Anthropic closed a $65 billion Series H round on 28 May 2026 at a $965 billion post-money valuation, the company confirmed in its own announcement, vaulting past OpenAI to become the most valuable private AI company in the world and bringing it within striking distance of a $1 trillion private mark. The round was led by Altimeter Capital, Dragoneer, Greenoaks, and Sequoia Capital, and is widely expected to be Anthropic’s last fundraising before an IPO. What follows is less a recap of the figures than a reading of the cap table, which looks closer to an industrial policy document than a conventional venture deal.

The cap table reads like an industrial policy document
Beyond the lead investors, the round was co-led by a roster of crossover and sovereign-adjacent institutions, including Capital Group, Coatue, D1 Capital Partners, GIC, ICONIQ, and XN, with participation from the likes of Blackstone, Brookfield, Fidelity, and Temasek. More telling is the strategic layer. Micron, Samsung, and SK hynix — the three companies that together supply essentially all of the high-bandwidth memory used in AI accelerators — joined as strategic infrastructure partners rather than confining themselves to the usual commercial supply agreements.
What distinguishes this from a typical strategic investment is the alignment of equity with physical supply. In a conventional strategic round, a chip supplier might take a small minority stake to signal partnership while negotiating supply contracts separately. Here, the memory manufacturers, hyperscale cloud providers, and the model developer are bound into the same financing at the same moment that allocations for HBM3E and HBM4 are being contested across the industry. The structure resembles a vertically integrated supply agreement priced as equity: capital flows in, memory and compute allocation flow out, and the upside is shared rather than renegotiated annually.
Anthropic framed the memory makers’ role in supply terms, noting that the relationships will help it scale compute reliably as demand for Claude grows. The precise investment amounts, any board observer rights, and the multi-year supply commitments attached to their participation were not disclosed. But even at the level of disclosure available, the configuration is unusual: it is rare for all three dominant high-bandwidth memory suppliers to sit on the same private company’s register simultaneously.

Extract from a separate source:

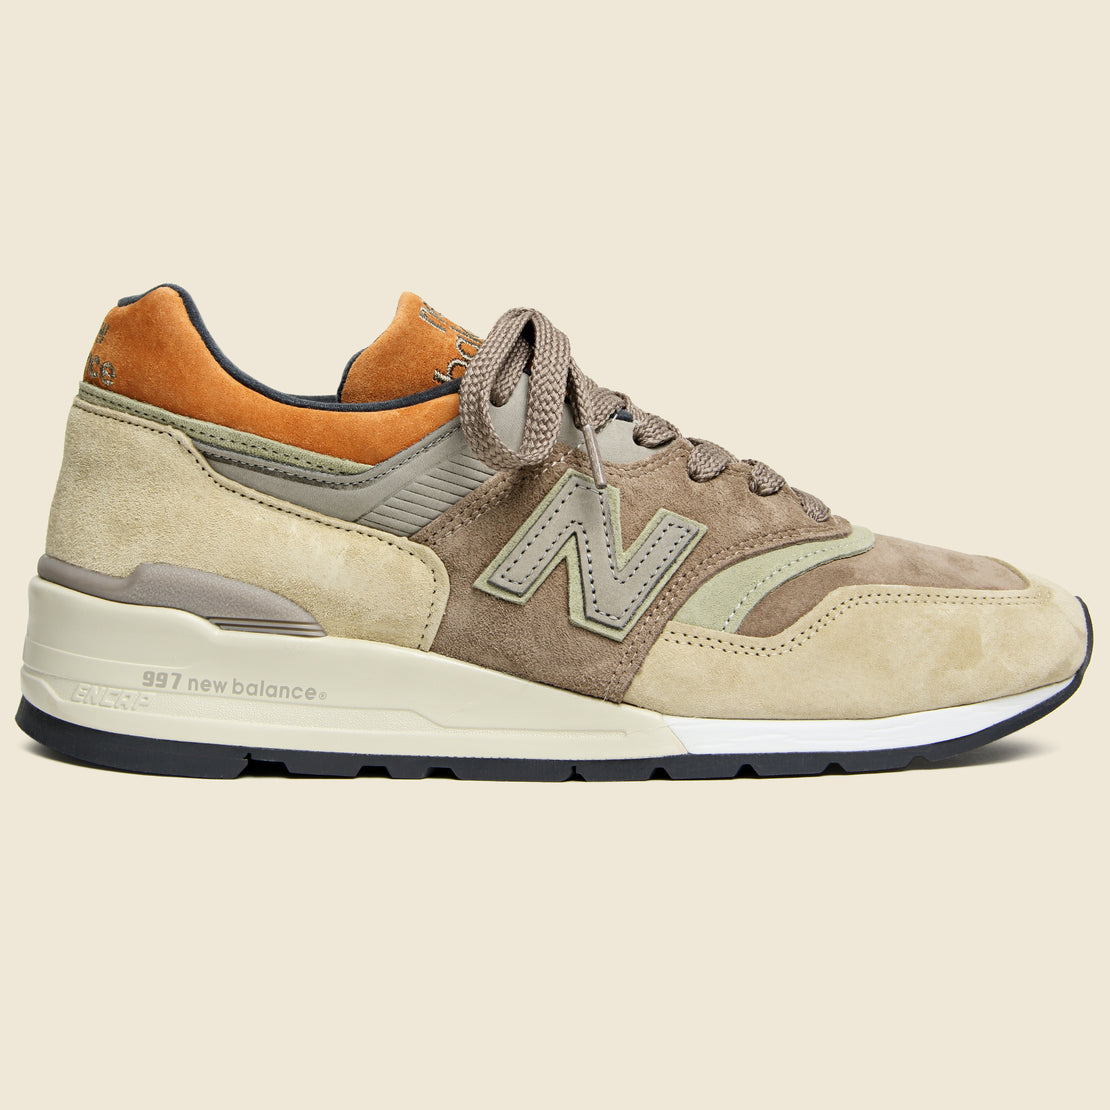 New Balance 997 Sneaker - Tan/Brown

The numbers behind the valuation
Anthropic’s enterprise adoption of Claude has accelerated sharply. The company said its run-rate revenue crossed $47 billion earlier in May, up from a reported annual run rate of roughly $1 billion at the start of 2025, driven largely by API usage from coding tools and enterprise deployments. It framed the raise not as cash for a speculative bet but as fuel for a business already expanding fast, with capital earmarked for safety and interpretability research, compute expansion, and product scaling. The round closed shortly after Anthropic released Claude Opus 4.8, which the company says improves performance on agentic tasks, advanced coding, and consistency on long-running work.
Investors familiar with the process described the allocation as oversubscribed, with existing holders requesting larger pro-rata participation than was available.
The frontier lab arms race in numbers
The Anthropic round sits inside a broader pattern. OpenAI closed $122 billion in committed capital on 31 March 2026 at an $852 billion post-money valuation. Read together, the two raises represent a concentration of private capital in frontier AI without real precedent.
Silicon Canals previously covered OpenAI’s earlier capital-intensive phase and Anthropic’s earlier funding trajectory. The trendline since then has bent sharply upward: Anthropic’s own valuation has more than doubled in three months.
What the structure rewards
Brad Gerstner, founder and chief executive of Altimeter Capital, which co-led the round, argued that Claude’s recent technical advances have driven large-scale adoption among the most demanding enterprise organisations and position Anthropic to lead the next phase of AI. Stripped of the framing, the institutional logic is straightforward: at this scale, frontier model development requires capital commitments only sovereign-adjacent pools can supply, and the only viable exit is a public market large enough to absorb the eventual float.
That dynamic compresses the field. The companies that can raise at these levels, principally Anthropic and OpenAI, increasingly resemble infrastructure utilities funded by the same handful of crossover funds and chip suppliers. Whether that compression hardens into something permanent, or whether a generation of smaller labs finds a way to operate beneath the ceiling these rounds have set, is the question the cap table cannot answer. What it does suggest is that by the time the IPO arrives, the most consequential decisions about who builds frontier AI, and on whose silicon, will already have been made in rooms like this one — and the rest of the ecosystem will be working out what to do about it.